▶ _Assignment_:
As you work through the listing below, copy each line exactly and drop the images.

▶ _Supplied data_:
══════════════════════════════

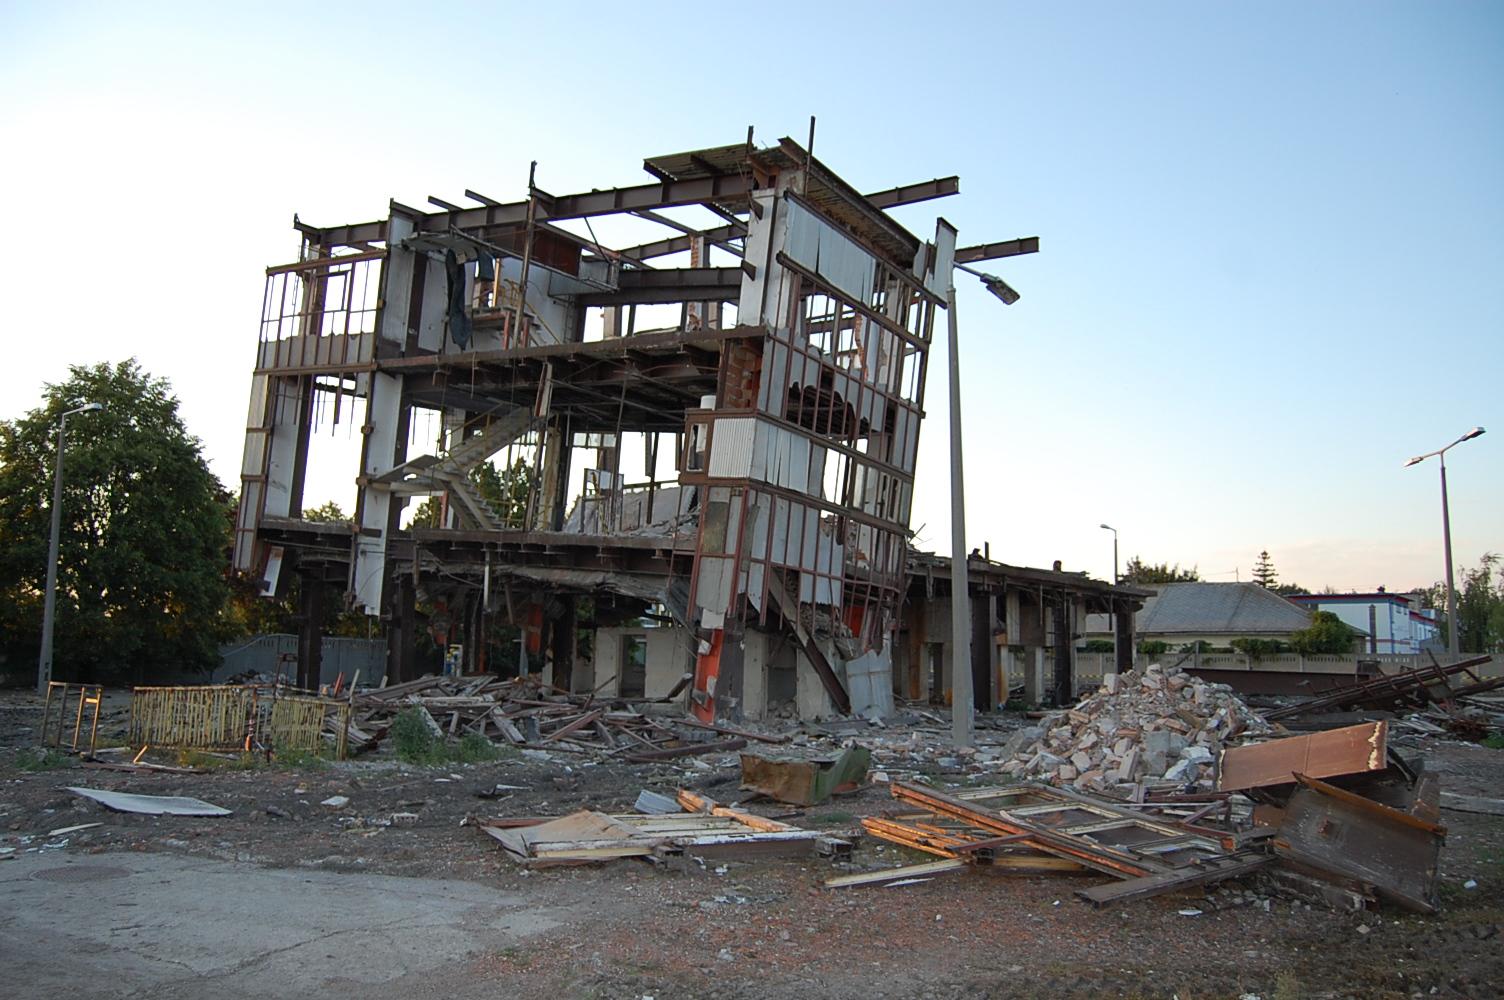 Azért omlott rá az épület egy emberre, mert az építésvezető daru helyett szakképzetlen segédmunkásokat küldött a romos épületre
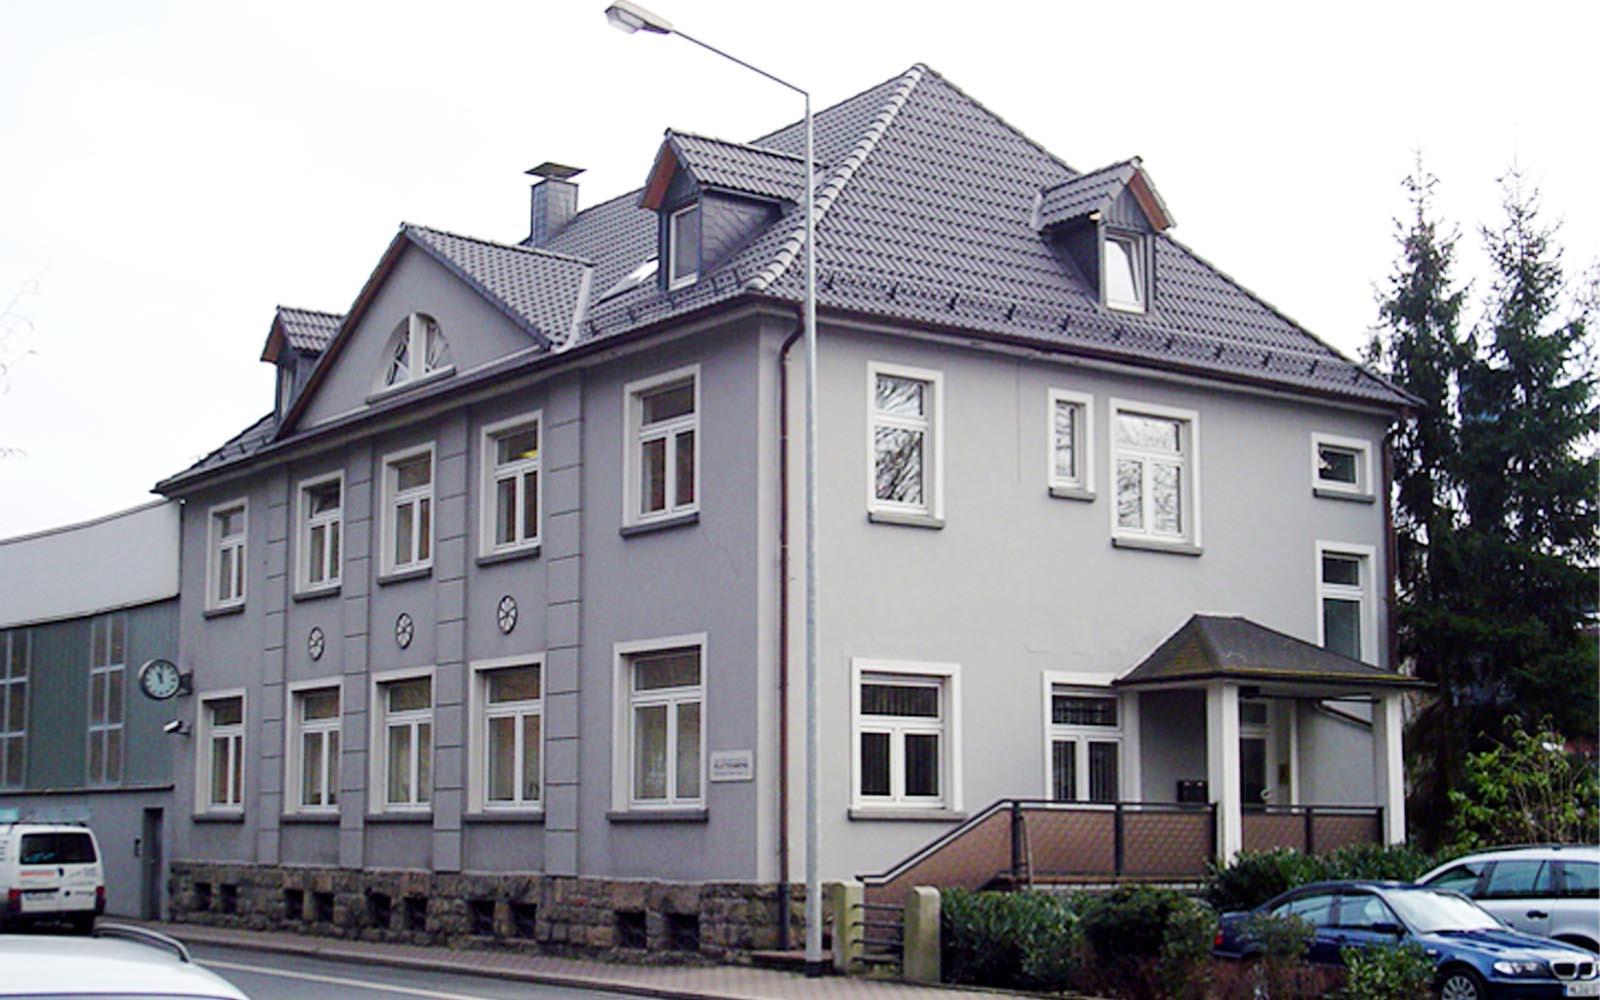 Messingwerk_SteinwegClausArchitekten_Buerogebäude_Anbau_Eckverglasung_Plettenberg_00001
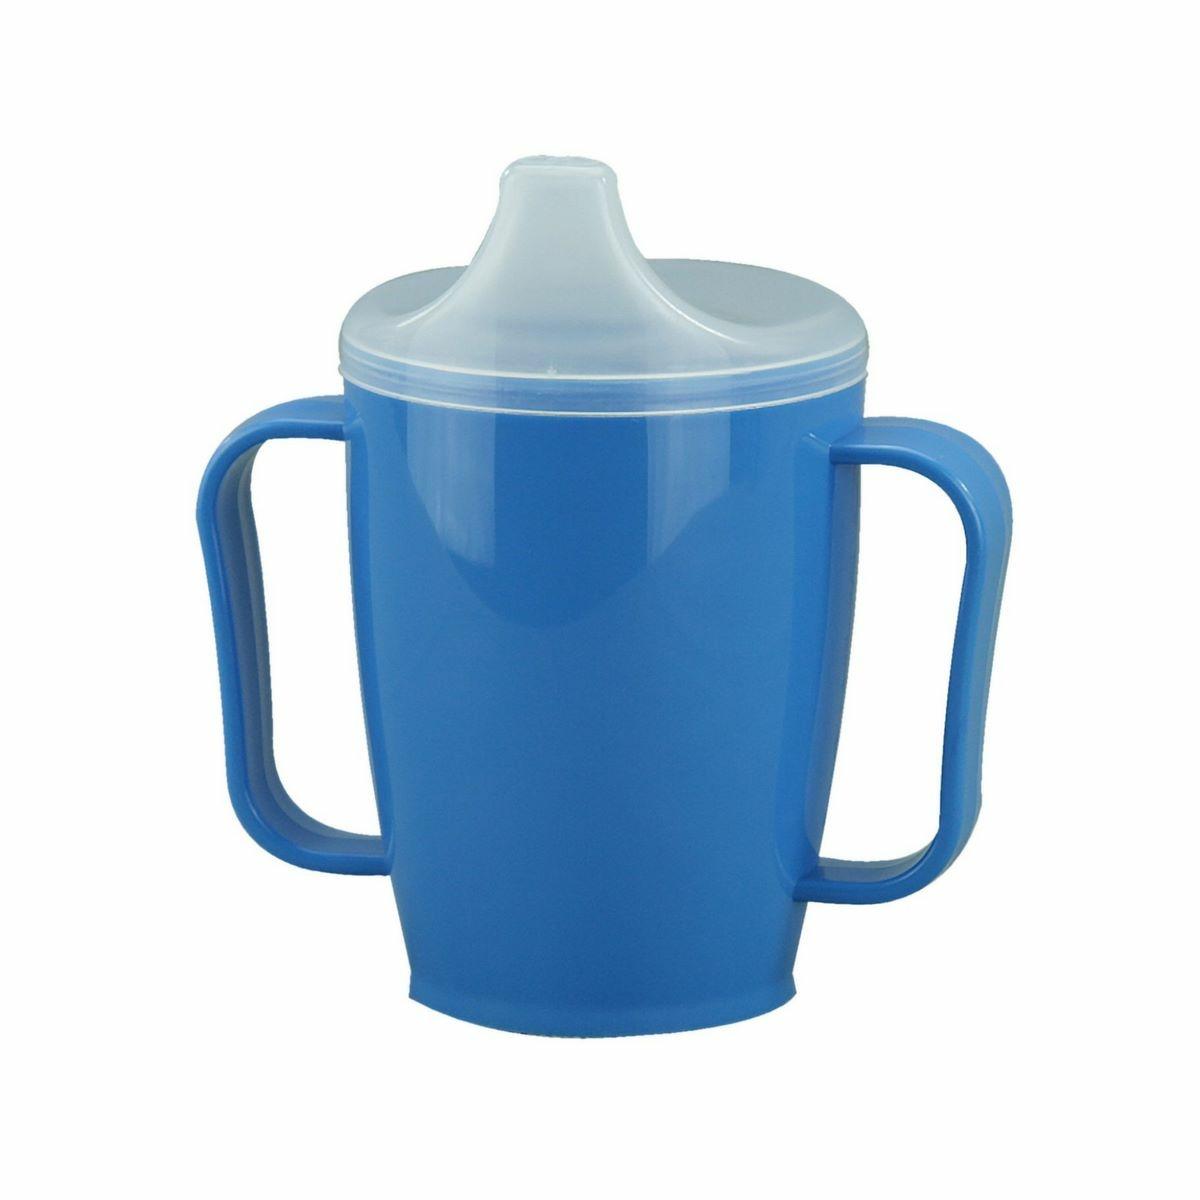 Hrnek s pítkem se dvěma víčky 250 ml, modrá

══════════════════════════════

▶ _Written reply_:
 Azért omlott rá az épület egy emberre, mert az építésvezető daru helyett szakképzetlen segédmunkásokat küldött a romos épületre
 Messingwerk_SteinwegClausArchitekten_Buerogebäude_Anbau_Eckverglasung_Plettenberg_00001
 Hrnek s pítkem se dvěma víčky 250 ml, modrá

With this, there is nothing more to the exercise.